This is a study to determine if Magnetic Resonance Imaging (MRI) techniques can detect early changes in white matter (in the brain) and the blood-brain barrier resulting from radiation therapy.
Patients will be assigned to one of two groups based on the type of radiation they will be receiving: whole brain irradiation or partial brain irradiation.
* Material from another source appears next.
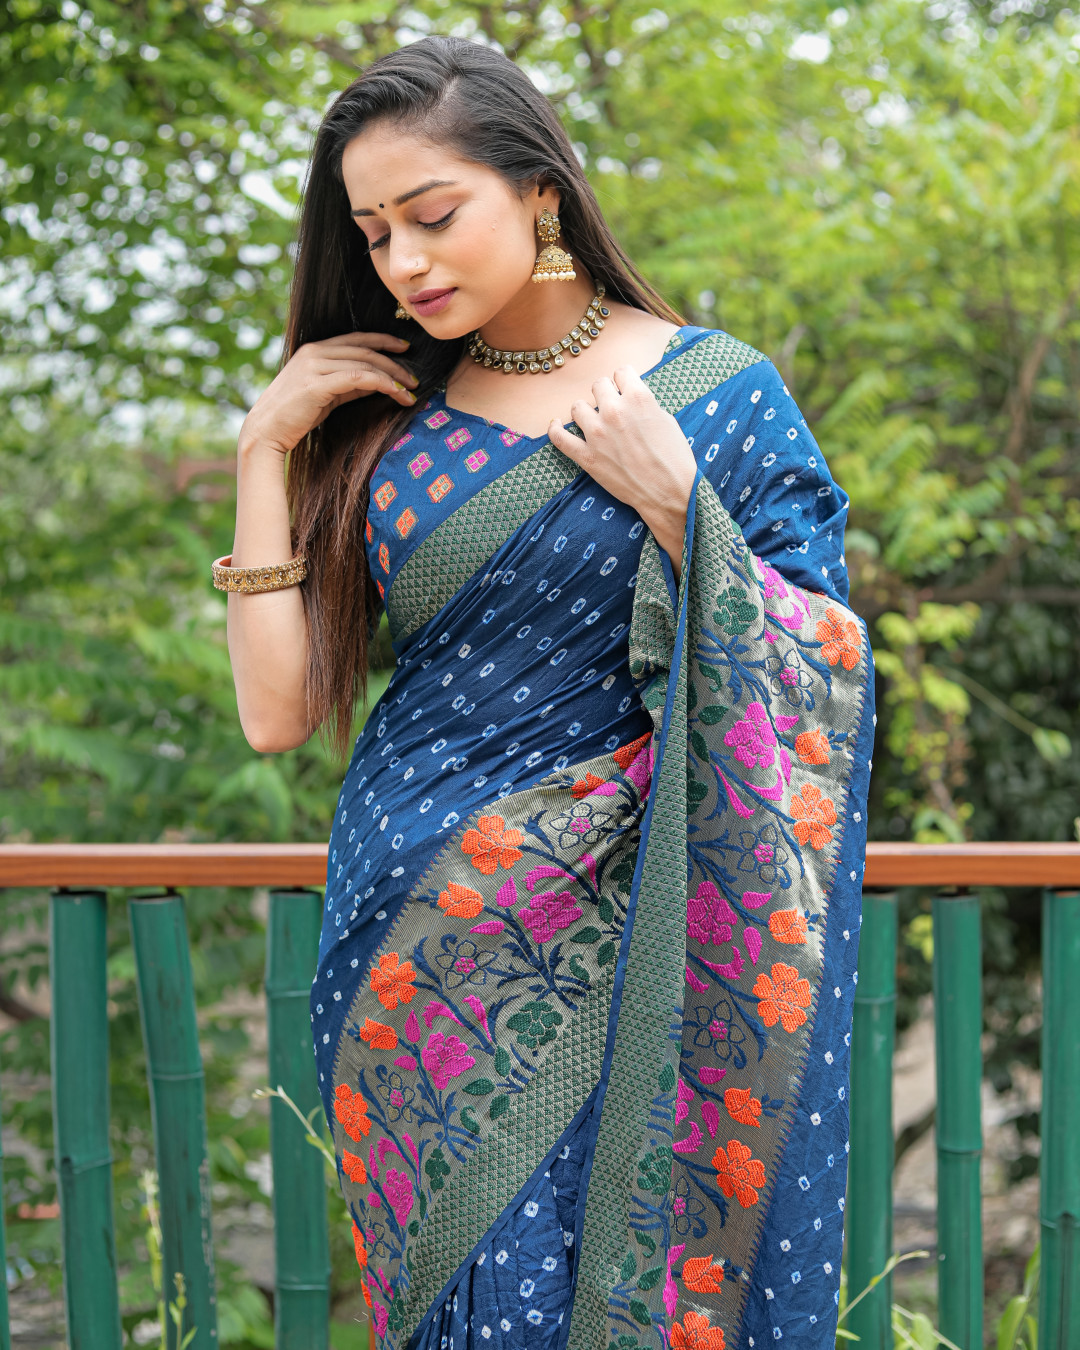 Firoji color bandhej silk saree with woven design

Patients will undergo Magnetic Resonance Imaging (MRI) assessments, neurocognitive testing (Quality of Life and Neuropsychological assessments), and clinical evaluation.
Study Type
OBSERVATIONAL
Enrollment
91
University of Michigan Hosptial
Ann Arbor, Michigan, United States
Change in Magnetic Resonance Imagining (MRI) with different radiation dose at different timepoints.
Linear mixed models will be used to relate Magnetic Resonance Imagining (MRI) changes and radiation dose.
Time frame: Baseline, at 3 weeks on radiation therapy (RT) (partial brain irradiation only), last week of RT, 6 weeks post RT, 4 months post RT (whole brain irradiation only), 6 months post RT, 18 months post RT (partial brain irradiation only)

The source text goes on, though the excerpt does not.